How to complete this task: Leaving the pictures aside, restate all of the data exactly.

Information shown:
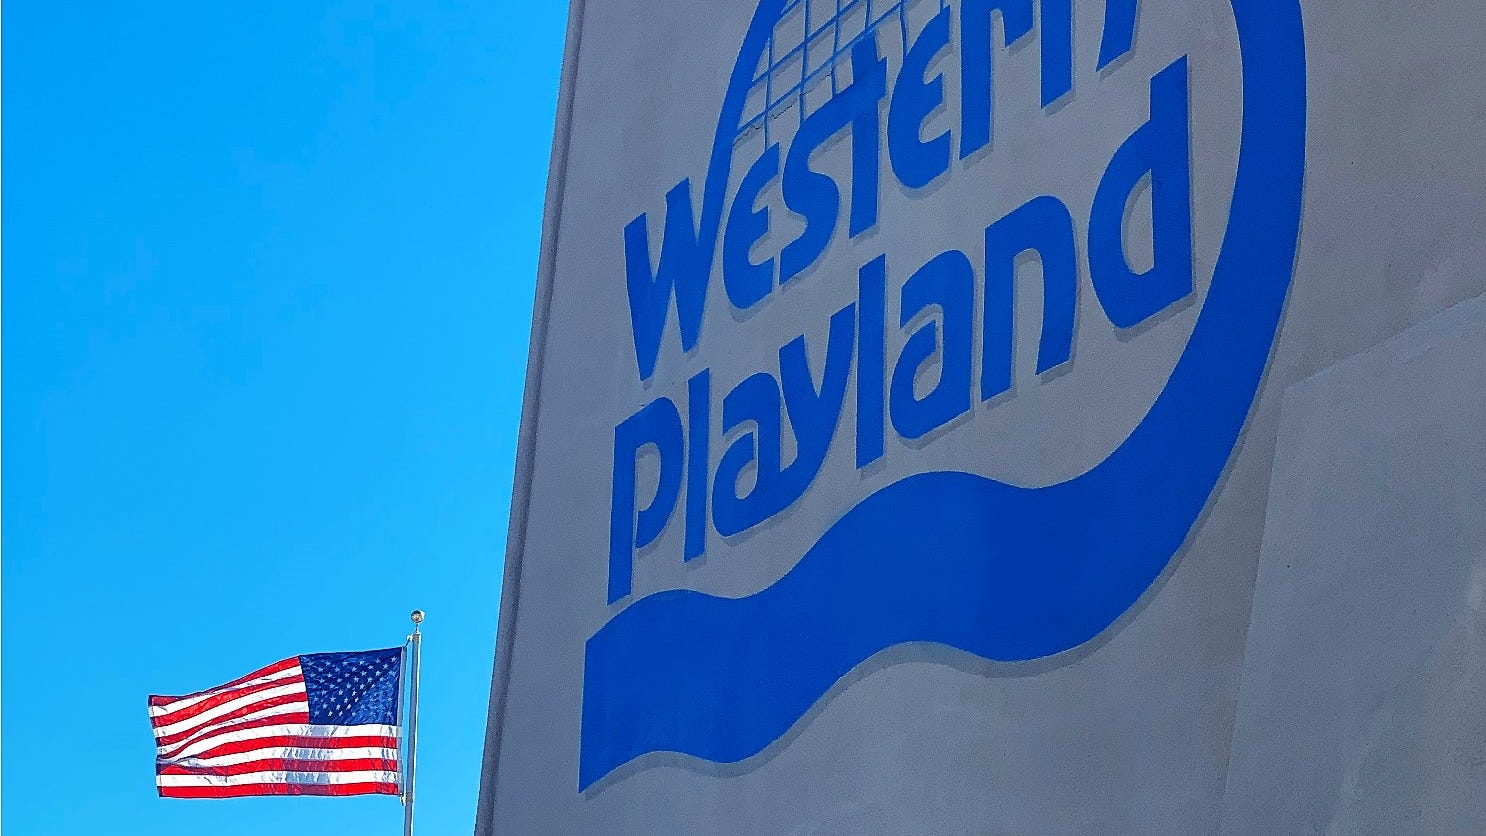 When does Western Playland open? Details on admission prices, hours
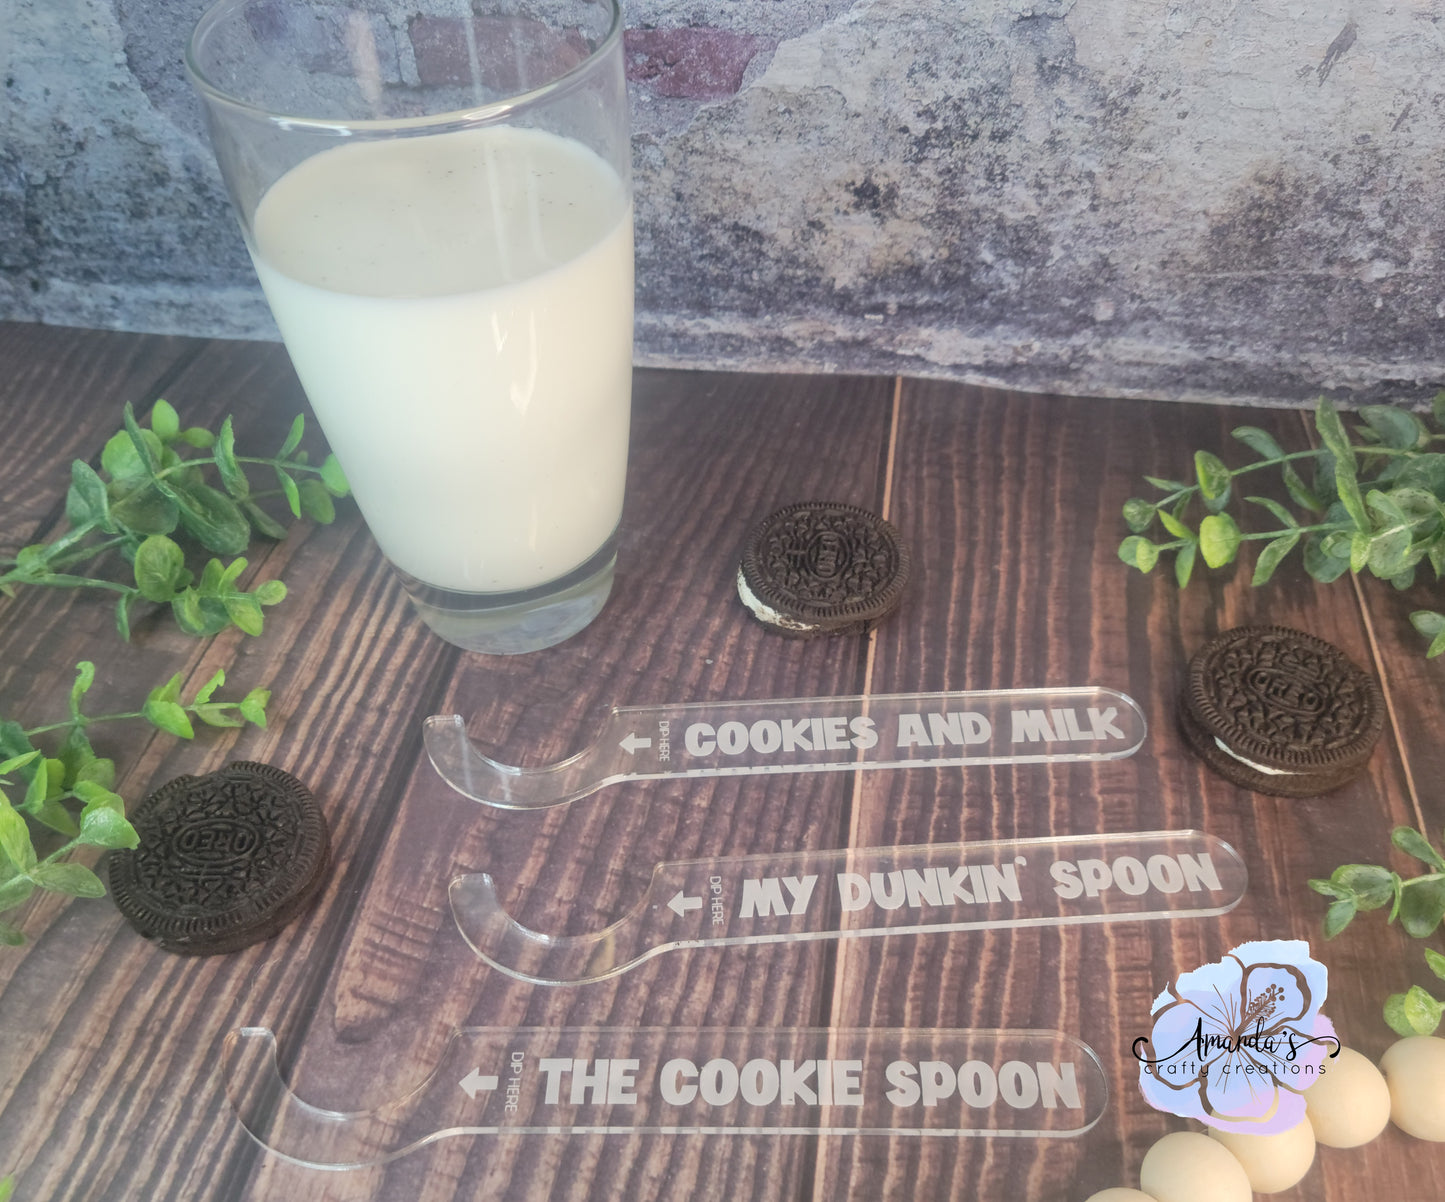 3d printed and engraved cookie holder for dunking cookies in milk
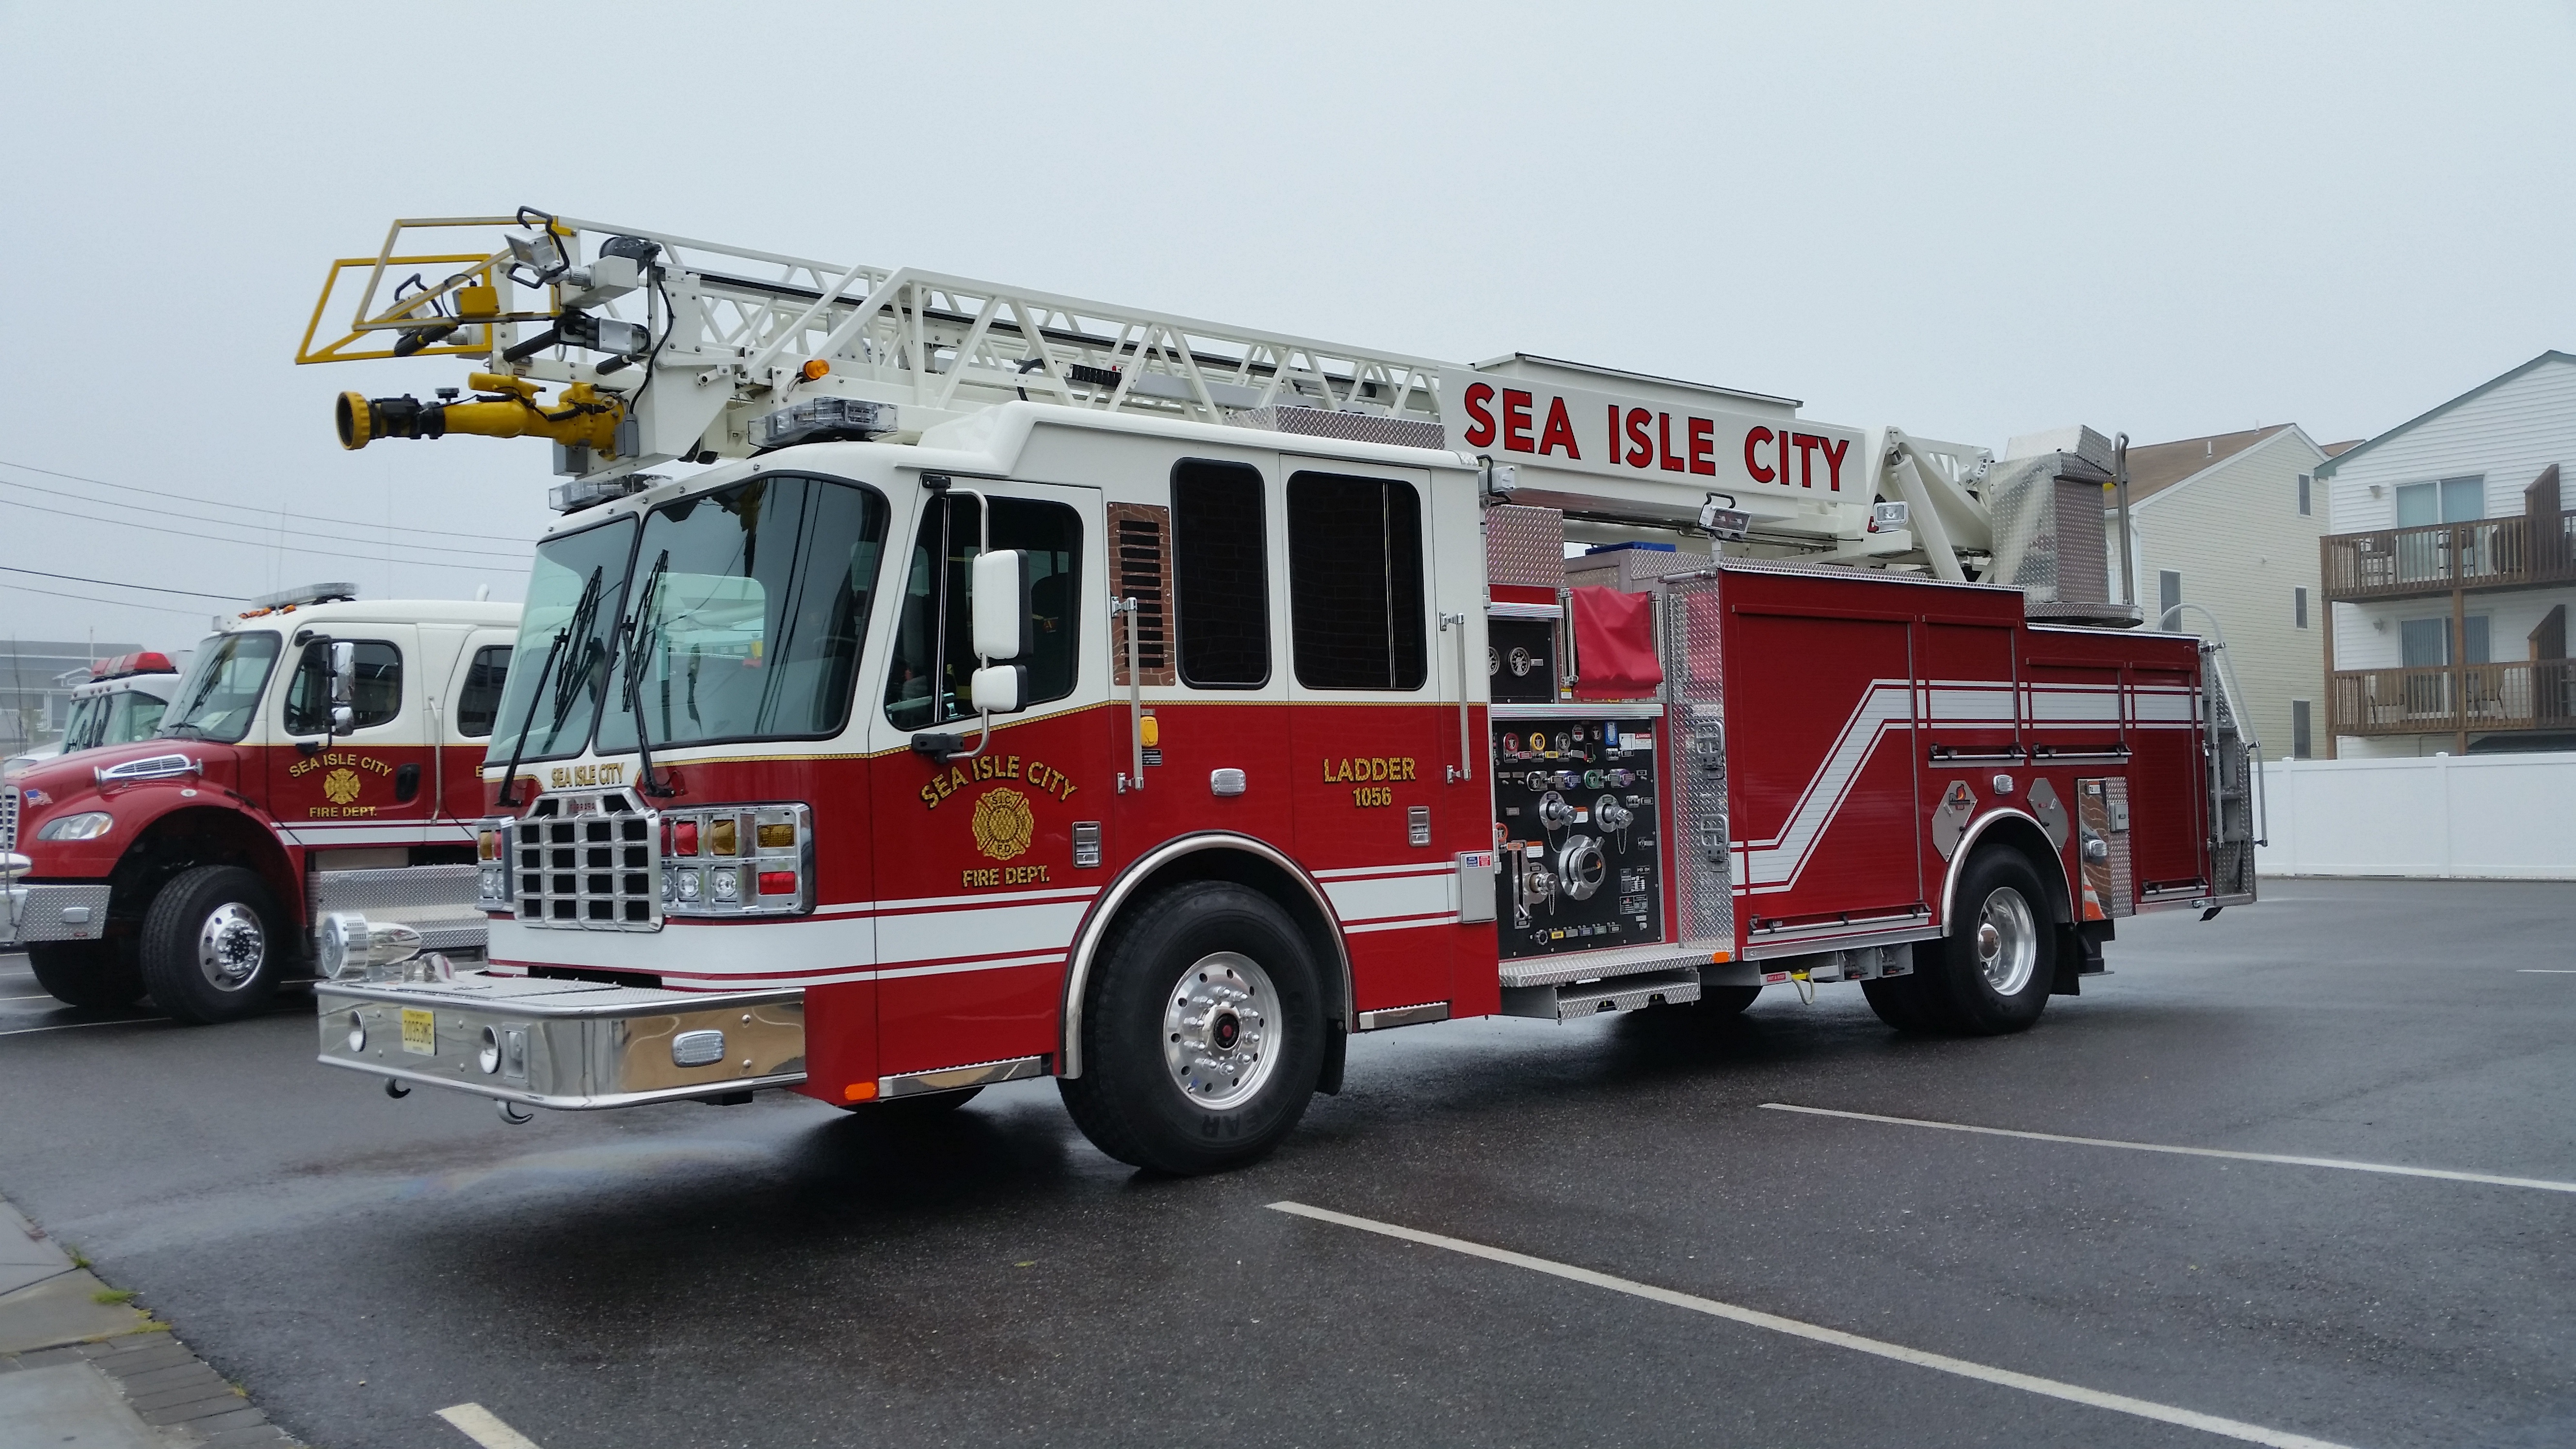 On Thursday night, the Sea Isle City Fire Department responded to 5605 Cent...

Output for this task:
 When does Western Playland open? Details on admission prices, hours
 3d printed and engraved cookie holder for dunking cookies in milk
 On Thursday night, the Sea Isle City Fire Department responded to 5605 Cent...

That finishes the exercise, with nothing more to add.